I nod, even though they can’t see me. “You have. The very best. The money they left. It’s a lot of money,” I tell them what Gerrard had told me.

Dad clears his throat, and says carefully, “Mia, love, have you considered this could be a scam? I’ve seen it on the ‘net. It’s fake money in your account, and the bank takes it back, but you’ve sent the money somewhere. Please tell me you haven’t sent that crook any money, love.” Dad is cross, as if seconds away from phoning my bank himself to report a scam.

“It’s real, Dad. It’s a real law firm, and before I do anything, I’ll be going to a real accountant back in London. But I’ve seen the paperwork myself.” It's true that I don’t understand all the paperwork yet, but there’s a lot of it. And from the parts I do understand, it looks very legit. It would be an incredible amount of paperwork to forge if it was in fact a scam.

My gut is telling me it’s real.

Dad is quiet.

Telling my parents has lifted a huge weight off my chest. Maybe it will be realistic to keep this from other people, but I was never going to be able to keep it from my family. I don’t know why I entertained the idea even for a second.
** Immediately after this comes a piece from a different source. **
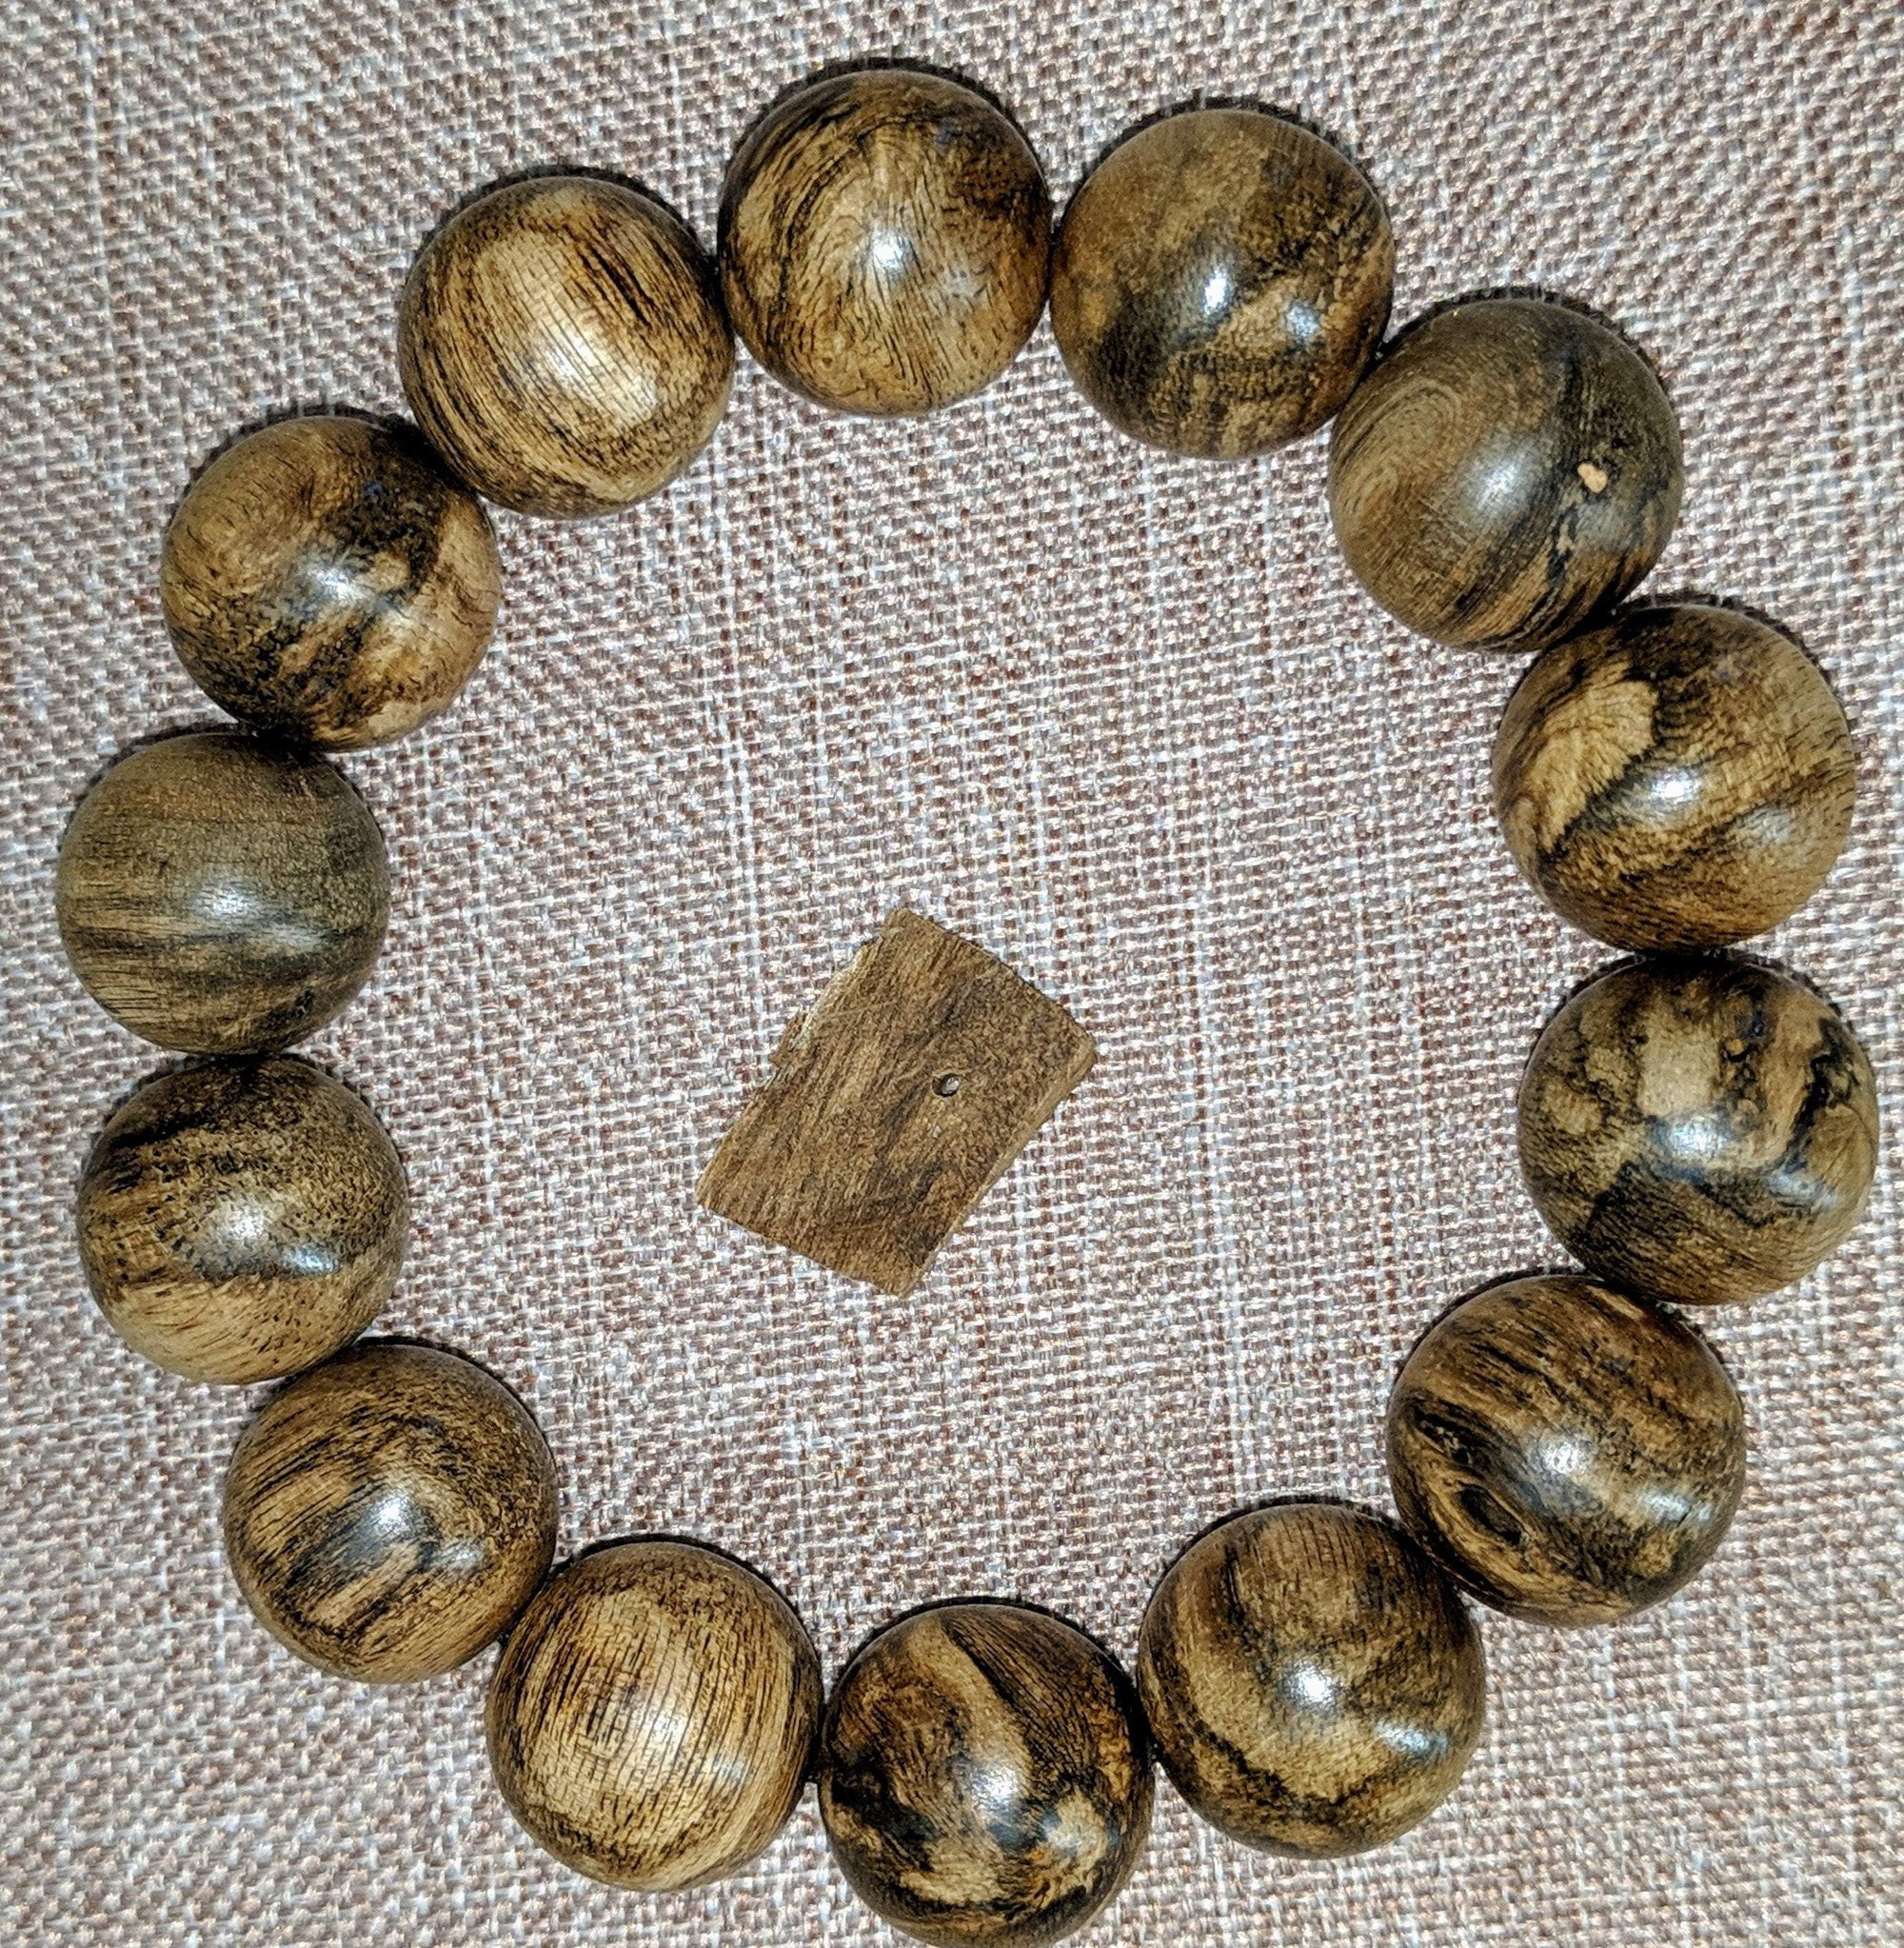 *SOLD* The Marble Trilogy - Wild Borneo Agarwood Bracelet - Number 2, and Number 3 - 24g

After a few moments, Mum blows her nose again, and I know she will have just tucked the used tissue into her sleeve like she always does.

She says quietly to Dad, “If they had money, why go through with the adoption?” I can’t make out Dad’s murmuring in the background. That is the exact question I have been asking myself.

Dad turns his attention back to me. “Well, love, that’s a lot of money, isn’t it? Are you planning to buy yourself something nice? A yacht?”

I laugh, and explain that’s precisely what Google tells someone not to do when they come into money.

“I’ve already booked an appointment with a financial advisor next week. And I promise, I won’t spend anything until I’ve thought about it and have a good investment plan.”

“That’s my girl.”

“Mia, you’re not alone in Bern, are you?” Mum seems almost panicked as she asks. “Dad and I can hop on a plane in the morning and come out there. This must be quite a shock.”

“No, Mum, no need. I asked Will to come out. He flew out this morning.” One of the good things about my parents living just out of London, and me still being such good friends with university buddies, is that they know my friends.

“What a good boy. I’m very glad he’s there with you, Mia,” Mum says. She likes Will, a lot. At least once every couple of months she reminds me how good looking he is—as if I need a reminder when I see him almost every day—and asks why we aren’t in a relationship. “You shouldn’t be alone right now, so I’m very pleased he’s keeping you company. He’s so good for you.” I roll my eyes, sitting up. She has been convinced there’s something more between us for years, that we are the perfect match, and she refuses to take ‘no’ for an answer.

When we hang up ten minutes later, I’m full of gratitude. My parents’ reaction was everything I needed, even if there is a nagging bit of worry in the back of my mind that they didn’t want to talk about it.

It’s also nice to have learned more about my birth parents. Unlike many other adopted kids, I’ve never been particularly curious about my adoption story. Maybe a little, about my birth family, but not about the process of the adoption. Perhaps because I’ve always known I was adopted, it hasn’t felt like there was much to wonder about. I’d always had the impression that if I ever asked, my parents would be open and tell me anything I wanted to know, like they did tonight. And in the back of my mind, I’d always been a little bit worried that if I wondered too much about my birth family, my parents would know, and be sad about it. But knowing now that my birth parents were older, and not struggling like I had imagined, paints quite a different picture to the one I had in my head growing up. I had always imagined that people who adopt out their babies are struggling young couples, who desperately wanted to keep baby-me, but couldn’t give me the life they wanted me to have. Now I have to face the fact that my reality is very different to that rosy picture I had painted for myself. My birth parents could have chosen to keep me. And instead, they chose to separate me from my brother.